Enfin, il y a l’idée en latin de sub-jectum, c’est à dire de « quelque chose en dessous », en


gros il y aurait ma vie concrète, réelle, mais en dessous, une truc permanent, qui reste là
(une âme, un esprit) qui ne change pas et qui serait mon « vrai moi ». Bref, avec l’idée qu’il y
a un truc en dessous, on me divise en 2. L’apparence et l’essence, le corps et l’esprit, mon
désir et ma raison.

Merci, déjà je suis soumis (1) ensuite je suis individualisé/culpabilisé/isolé (2) et ensuite je
suis divisé en 2 !

Ou alors est-ce l’inverse, c’est parce que je suis divisé en 2 et individualisé que je peux être
soumis ?

64
En fait, cela va ensemble et tous ses aspects se répondent et s’entre-impliquent.

Dans la Généalogie de la morale, Nietzsche prend l’exemple d’un éclair.

Vous voyez un éclair ? Ce truc là fait d’énergie ou de lumière qui zèbre la nuit pendant les
orages ou les tempêtes et qui quand il tombe au sol, électrifie la terre et éclate le ciel par un
grondement de tonnerre ? Bon, un éclair.

Et bien demande Nietzsche ? Qu’est ce qu’il peut faire d’autre l’éclair que de luire (luire c’est
le fait de faire de la lumière) ? Est-ce qu’il peut ne pas luire ? Est-ce qu’on peut séparer d’un
côté l’éclair, et de l’autre côté l’action de luire ? Qu’est ce que ça serait un éclair sans
lumière ? Et qu’est ce qui pourrait produire ce genre de lumière si ce n’est pas un éclair ?

C’est impossible, en fait il n’y a pas 2 choses, mais 1.

Le problème c’est que le langage sépare tout !

On écrit : l’éclair luit. Sujet de la phrase + verbe. Comme on dit Mathieu mange à table. Sujet
+ Verbe.

Et le sujet il est différent du verbe. C’est 2 choses.

Et bien tant que nous n’aurons pas renoncé aux illusions du langage ! Qui découpent note
être et notre faire, notre sujet et notre action en 2 choses séparées, et bien nous serons
toujours séparé de notre capacité d’action.
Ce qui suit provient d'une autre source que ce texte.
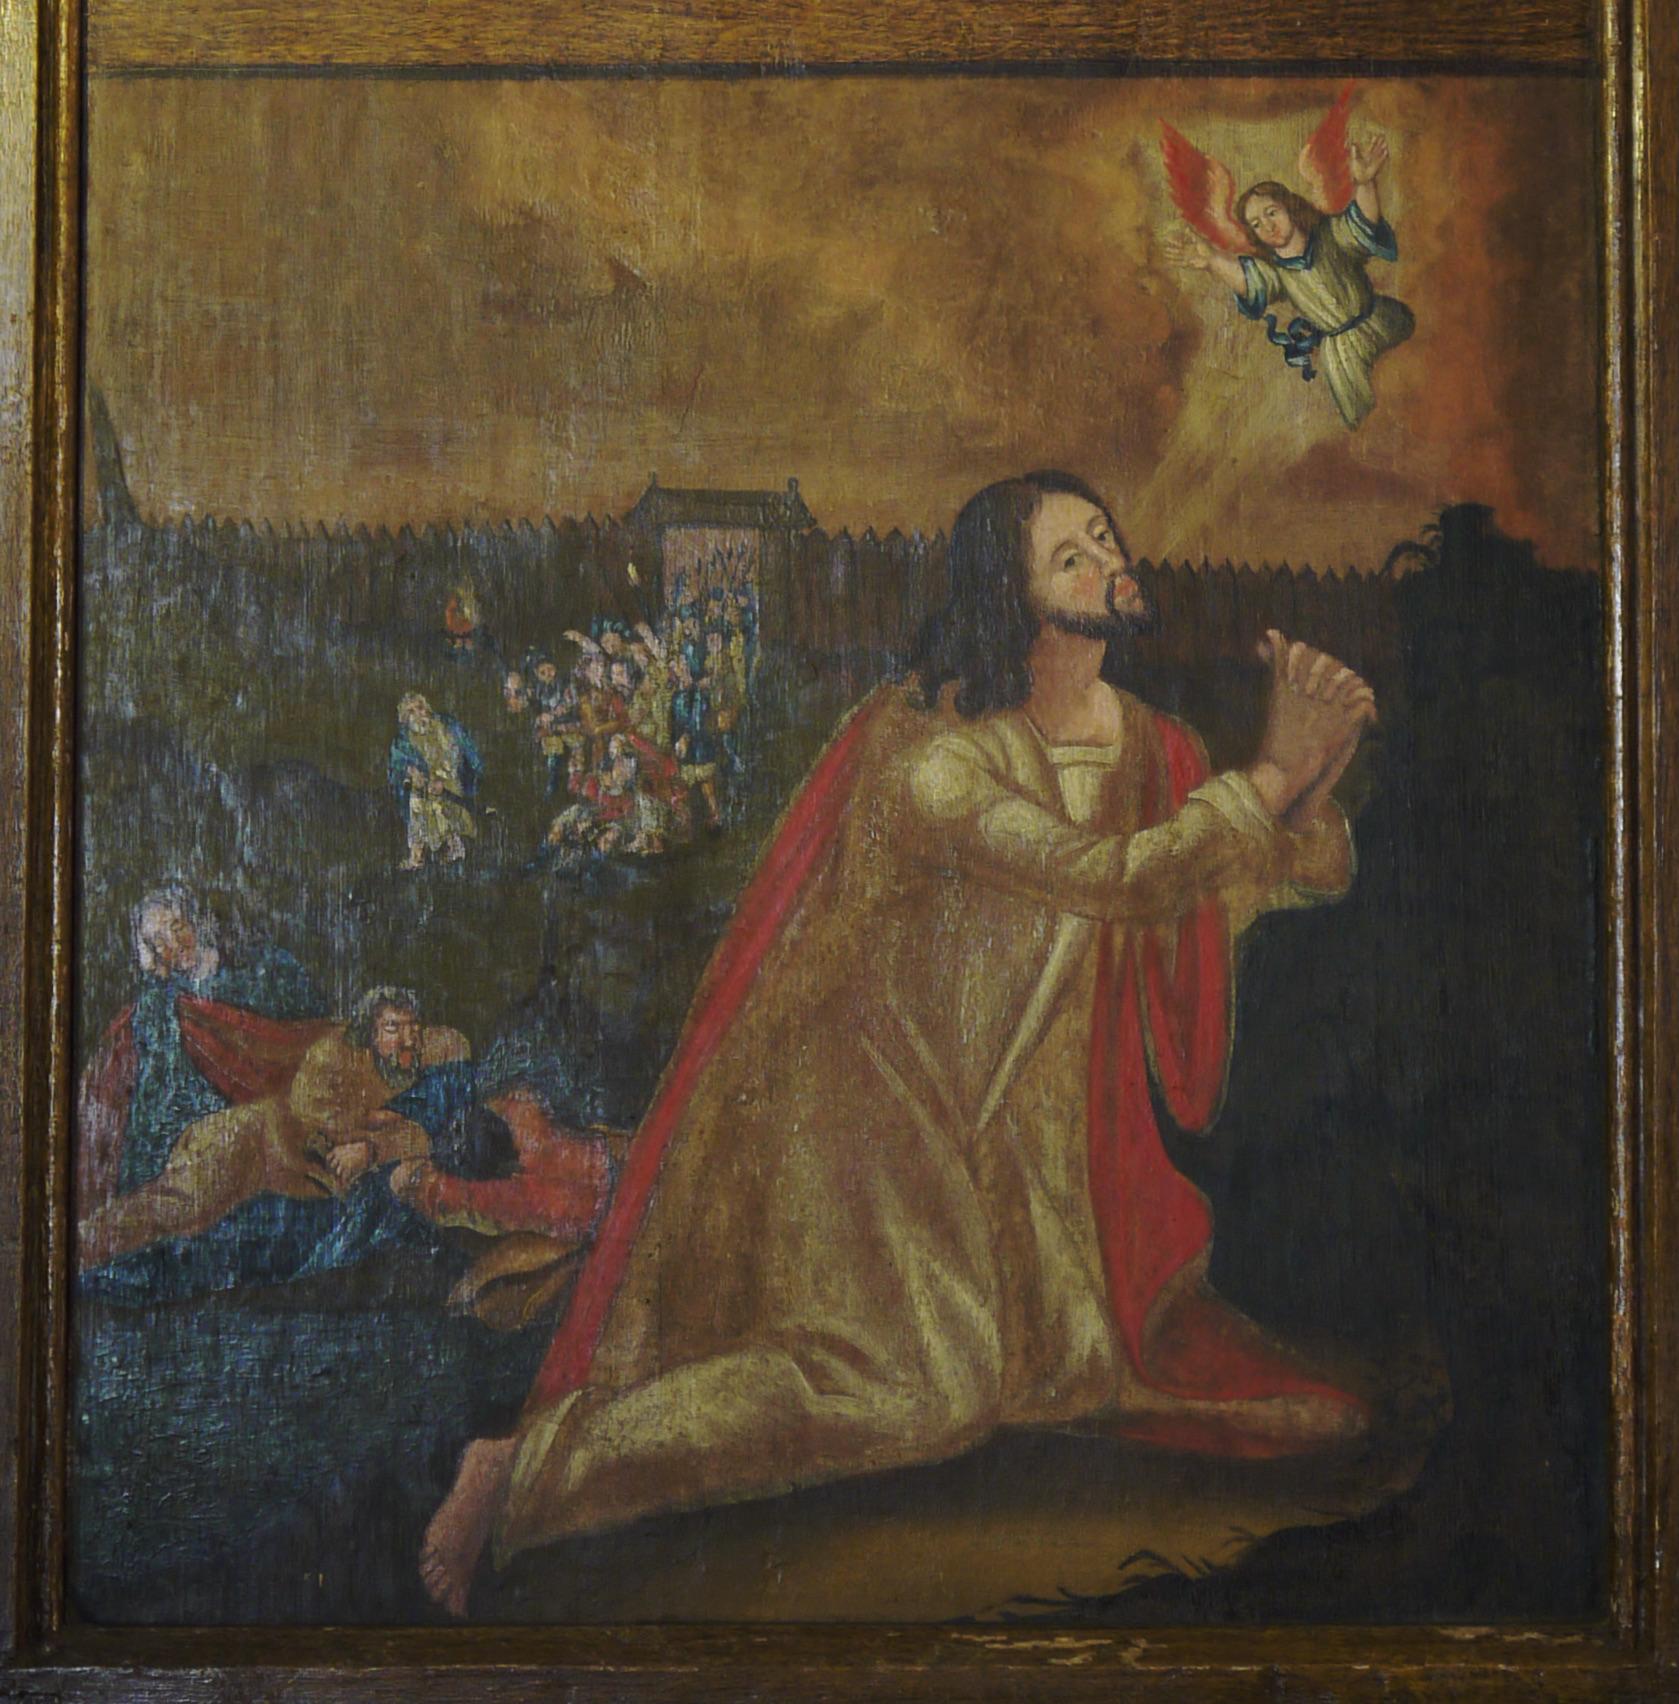 Flügelretabel,Stuer,barockes Flügelbild, Gethsemane

Pourquoi ? Parce qu’on croit qu’elle est extérieure
à nous !

Il faut renoncer aux illusions de la grammaire et du langage pour nous défaire des fausses
images des théologiens et des philosophes qui nous font croire que nous sommes des sujets,
que l’on a mal agi et qu’on aurait pu faire autrement, et nous font vivre des vies contraintes
et affaiblies.

Je ne suis pas autre chose que mon corps,


Je ne suis pas autre chose qu’une force,
Je ne suis pas.. « Je » avec à côté « suis »,
Je suis entièrement moi même dans l’affirmation de ma propre puissance créatrice, créatrice
de nouvelle valeurs qui n’affaiblissent pas la vie mais en aiment le destin.

C’est un peu ce que dit Zarathoustra.

65
Fin du petit détour, et voyez que l’on peut maintenant facilement comprendre ce qu’est le
corps ! Et les contempteurs du corps, c’est à dire ceux qui le critiquent.
(relisez le texte si vous en êtes là peut être).
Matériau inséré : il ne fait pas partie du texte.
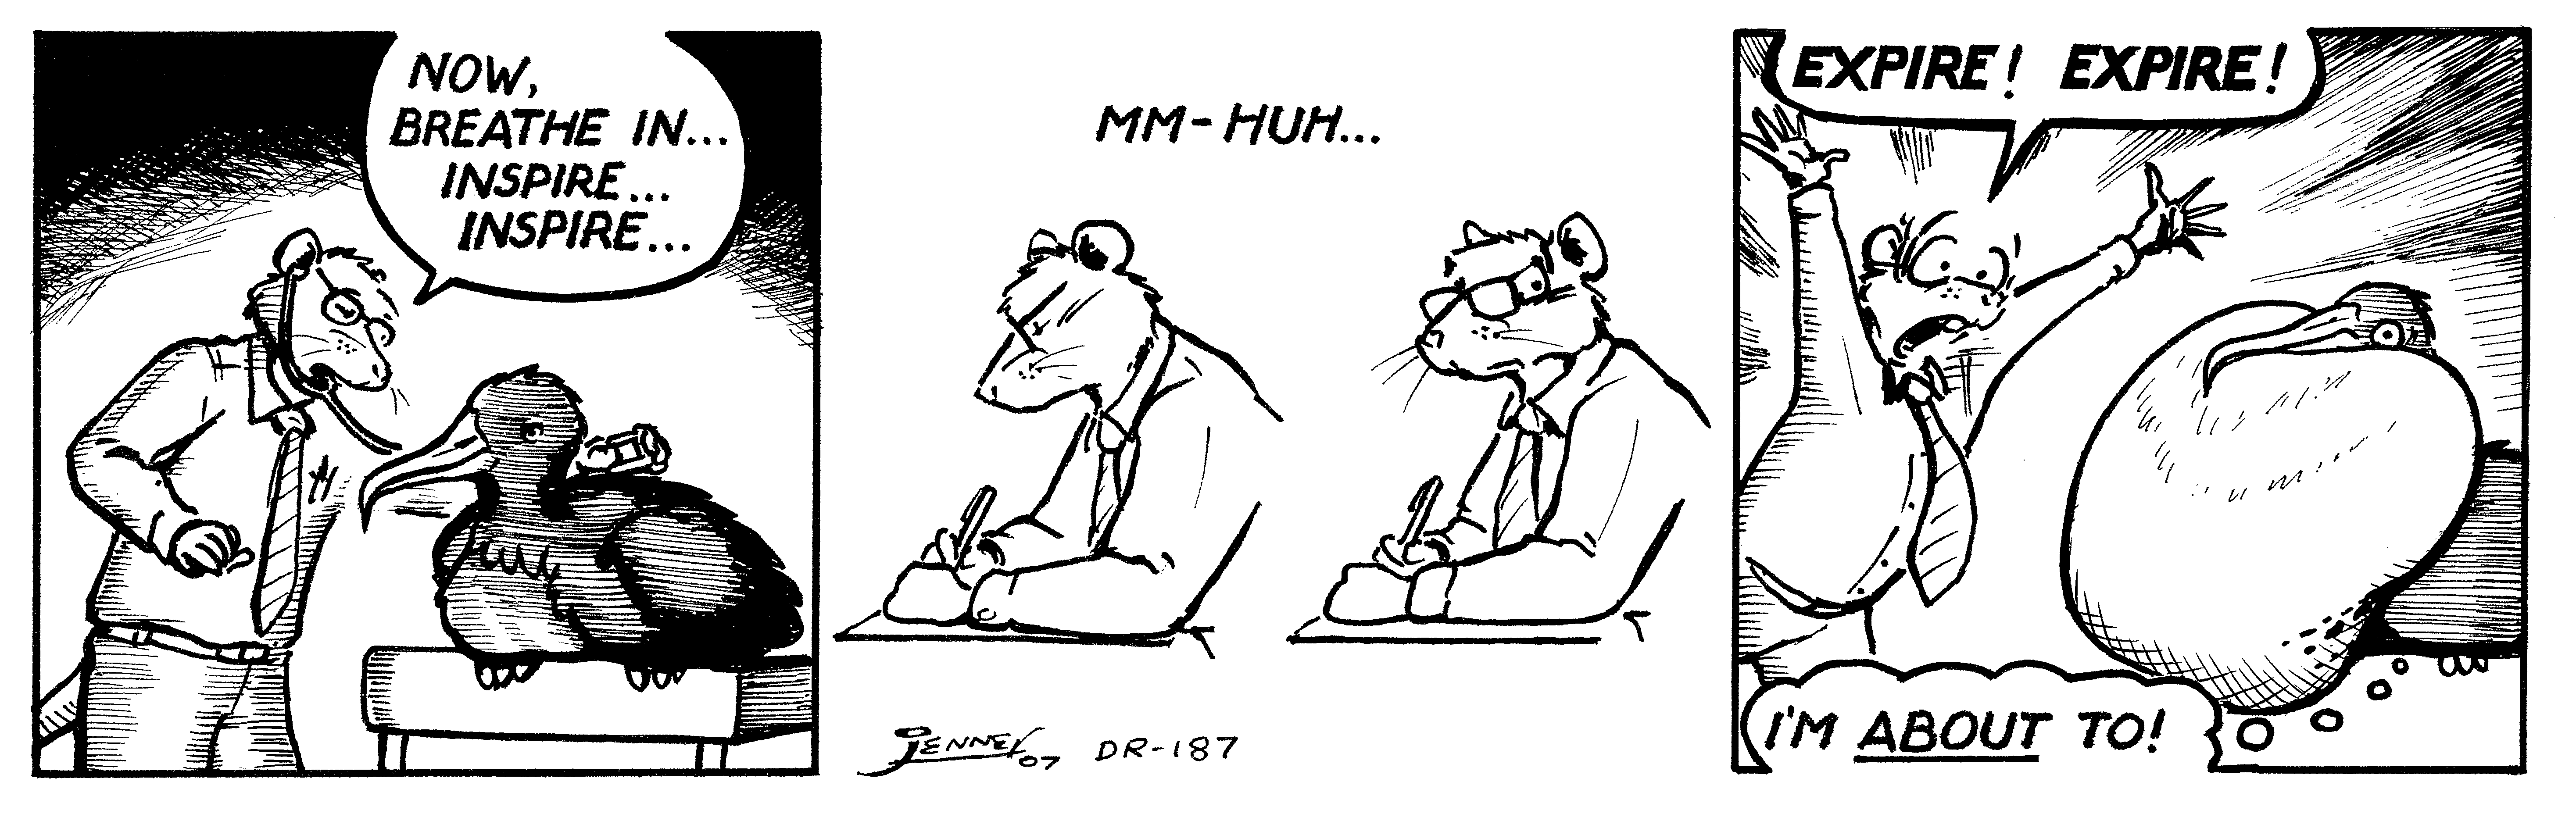 20070314

Le corps est un champ de bataille. Il est une multiplicité, non pas 1 mais des millions. Il est un
rapport de force entre l’infinité de mes amours, tendances, créations, images, impressions,
désir, espoir, tristesse, amitié. Il est mon « soi » profond. Celui qui s’exprime derrière toutes
ma mauvaise conscience, ma fausse conscience de moi même, recouvert que j’ai été d’un
« ego » fantoche, une création de papier que j’appelle « ma personnalité », ma petite
existence, ma petite identité moyenne et stéréotypée.
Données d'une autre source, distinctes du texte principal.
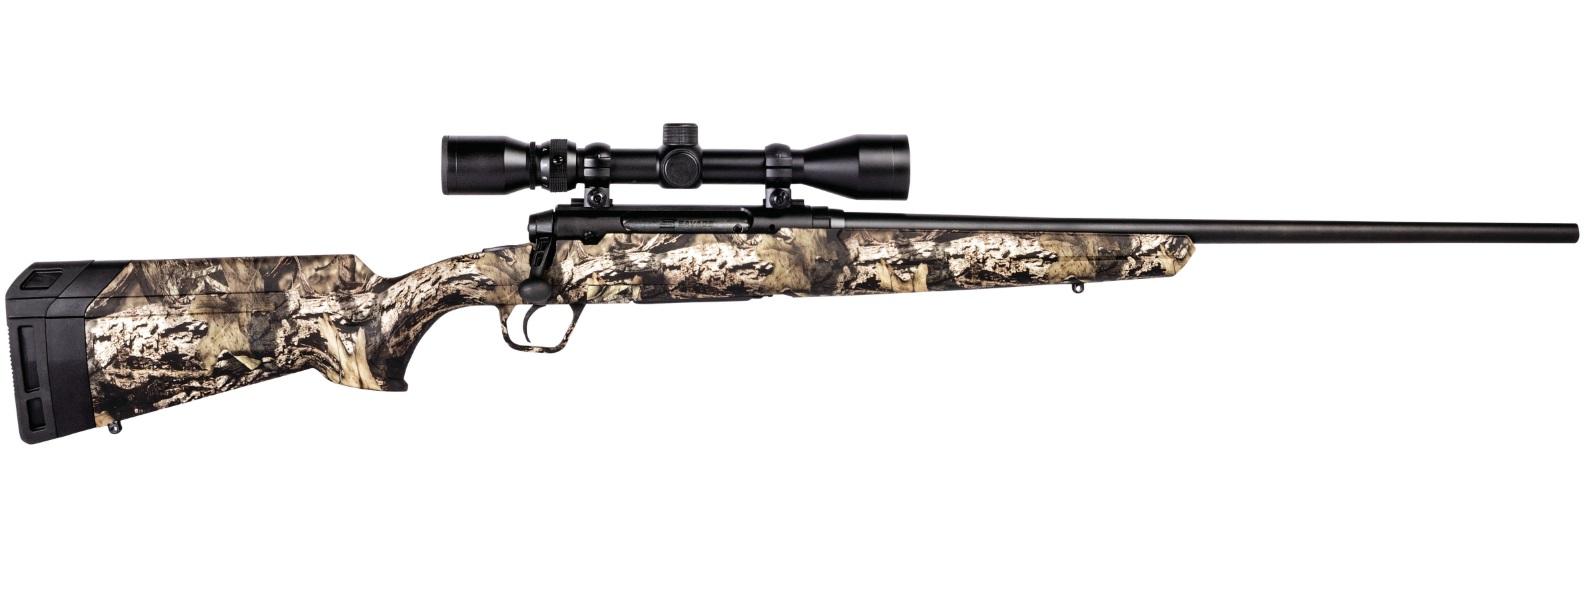 Savage Arms Axis XP Camo 7mm-08

Le corps est celui qui est tout ce que je suis et par lequel s’affirme la création de nouvelles
valeurs.
Ou alors, je peux me détacher de nouveau de lui, ne plus faire un avec sa volonté
d’affirmation, sa puissance de s’élever au dessus de lui même, et retournée à une vie
résignée et retournée contre elle même.